Series: Ordinary TIme

Category: 2018 Sermons

Passage: Ezekiel 17:22-24

Speaker: Rev. Nicole Trotter

My kids had a great-grandmother on John’s side of the family we called Grossie. In Grossie’s later years when you asked what she was doing, she’d say..”Oh just sitting and watching the trees move.” She said that with joy, not boredom. I didn’t fully understand that at 28 but today I can say that sitting and watching the trees move is one of my favorite things to do.

The enjoyment of doing that is even better if you imagine that when a tree moves, it the trees way of praising God.

Thomas Merton wrote-
“A tree gives glory to God by being a tree. For in being what God means it to be it is obeying [God]. It “consents,” so to speak, to [God's] creative love. It is expressing an idea which is in God and which is not distinct from the essence of God, and therefore a tree imitates God by being a tree” 

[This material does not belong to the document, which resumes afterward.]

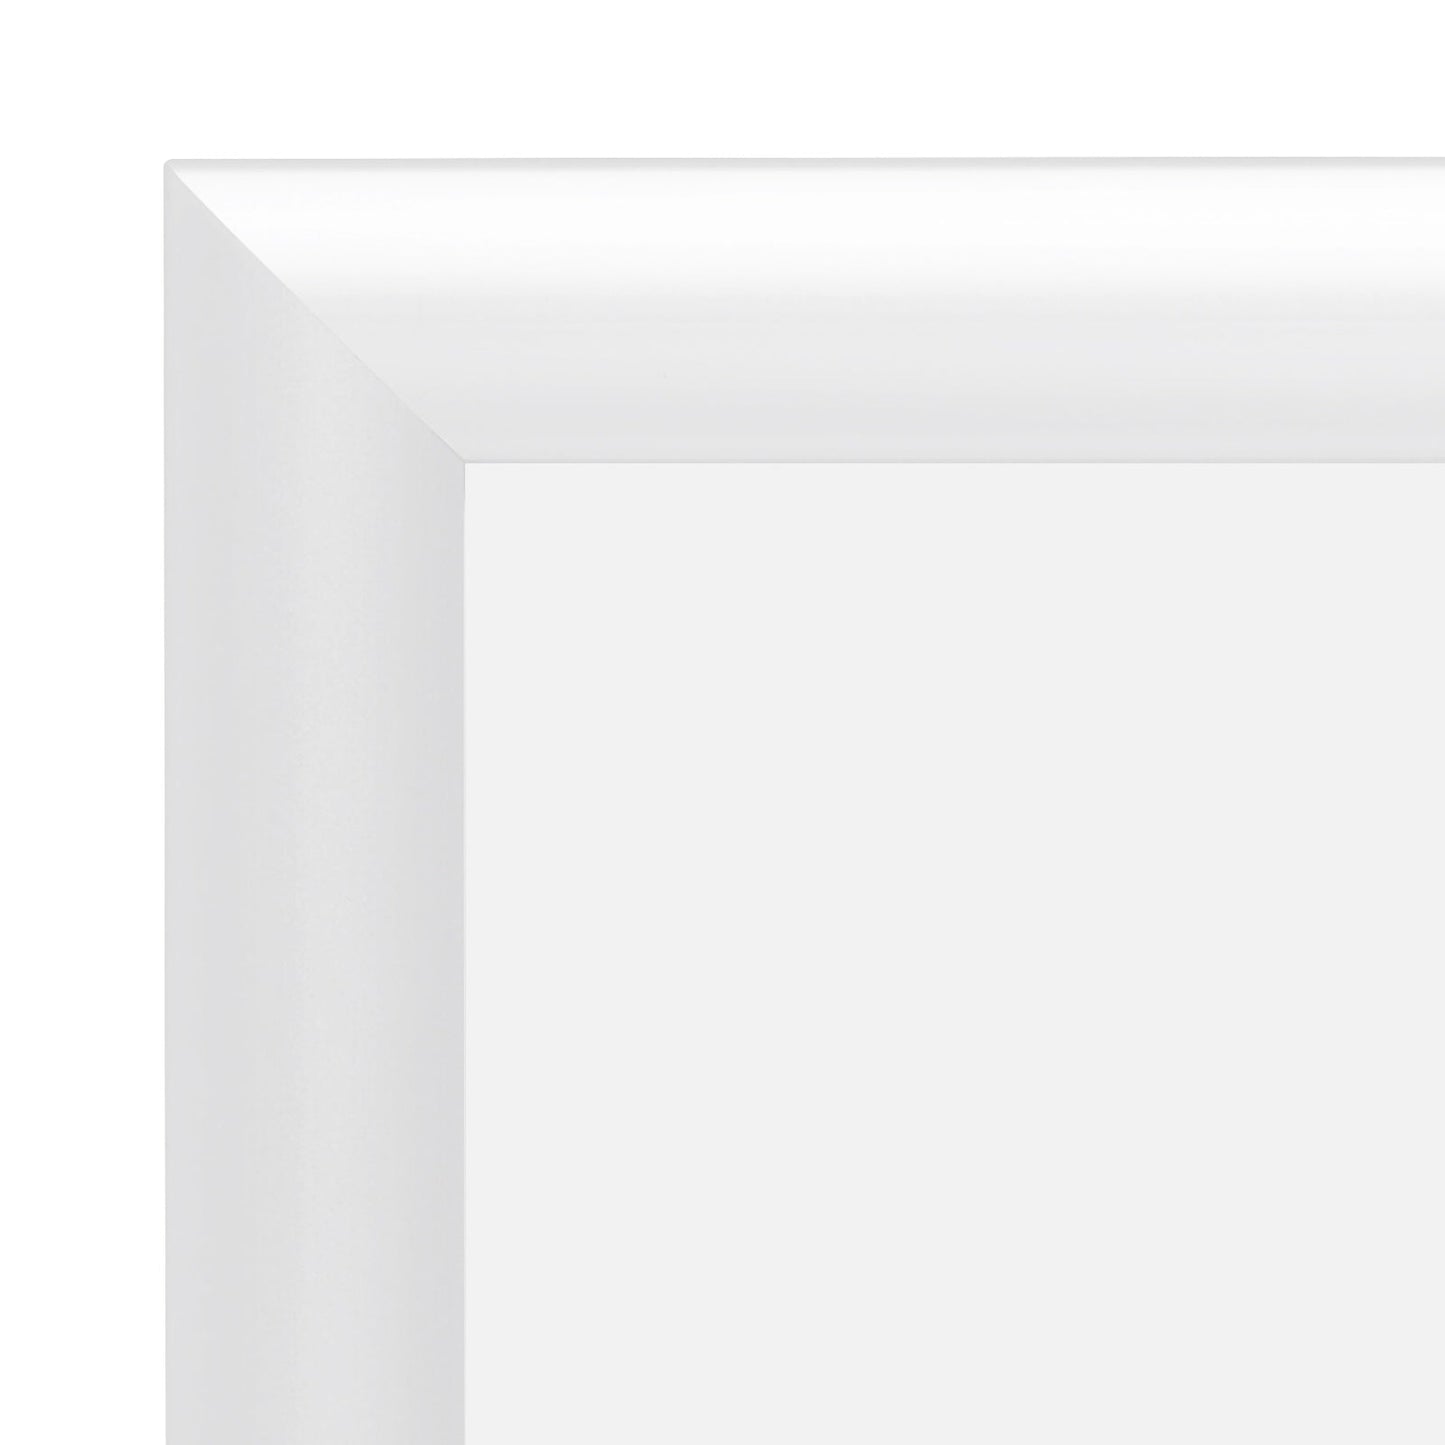 8.5x11 White SnapeZo® Poster Snap Frame 1" - Snap Frames Direct

So there’s a tree, just being a tree, branches that lift upwards and sway, dancing for God praising God in their very being,  just being what they were created to do and be. And, for me, the best part of that is that that praise is always taking on new forms, growing into new shapes and sizes, with new branches and buds, as they grow into becoming what God created them to be. That’s the best metaphor for our faith I can think of. A tree’s song, its movement, and its growth is always taking on new forms.

If trees do that, are we doing the same? Are we consenting to God’s creative love? Are we expressing the very essence of God who gives us life, who sustains us through the spirit and who lives inside of us in Jesus Christ. Are we allowing our faith and praise of God to take on new forms of expression? Or are we stunting our growth by trying to fit it into the old ways?

That’s true of our biblical understanding as well. We grow as a society, culturally, through a greater awareness and consciousness, we no longer subscribe to some of the strict laws prescribed in the bible. Neither is our faith fixed in a few lines of a creed or confession. Faith, like the bible, is a living growing gift from God. Faith is cultivated through our experiences of how God sees us through the worst of times so that we can experience the best of times once more. The root system of that faith, like that of redwood trees, is old and connected among us, but our expression of those roots takes on new forms over time.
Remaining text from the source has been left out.